Red pixel: 111,60,60
Blue pixel: 60,60,111

Intel ISPC (PSNR: 24.968, SSIM: 0.587142):

Red pixel: 234,47,47
Blue pixel: 47,47,234

basislib_etc1 from yesterday (PSNR: 19.987, SSIM: 0.511227):

Red pixel: 149,47,47
Blue pixel: 47,47,149

etc2comp ETC2 (PSNR: 19.779, SSIM: 0.517508):

Red pixel: 255, 0, 0
Blue pixel: 64,64,98

This is an example of an well-tuned ETC1 encoder (Intel's) holding its own vs. etc2comp in ETC2 mode.

Want a little challenge: Try to figure how how Intel's encoder produced the best output.

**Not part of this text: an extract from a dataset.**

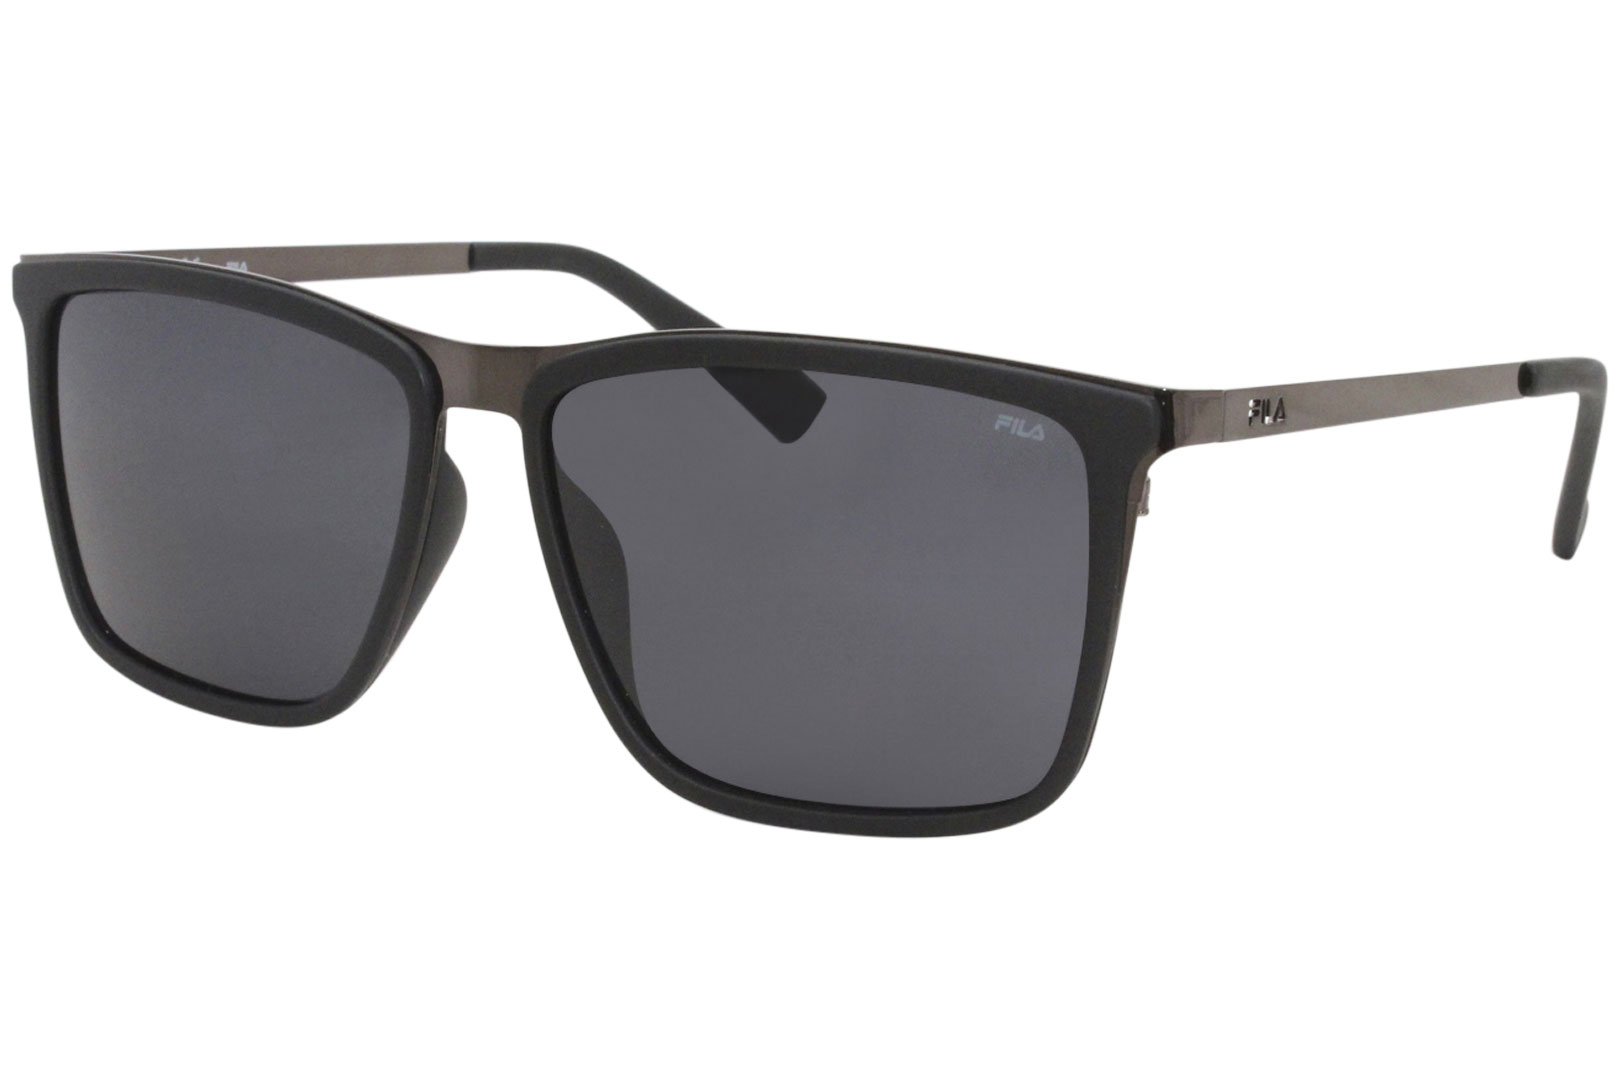 Fila Sunglasses SF8495 Polarized 57-14-145mm | EyeSpecs.com

John Brooks, the lead on etc2comp, told me that BSI is working with that test image because it's a known low-quality encoding pattern for etc2comp. It wasn't in their test corpus, so the PSNR of 17 & 19 should improve with future etc2comp iterations.

I've improved basislib's handling of this test vector, but the results now need a optimization pass. I've prototyped a version of squish's total ordering method in ETC1, by applying the equations in the remarks in rg_etc1.cpp's code. Amazingly, it competed against rg_etc1's current algorithm for quality on my first try of the new method, but it's slower.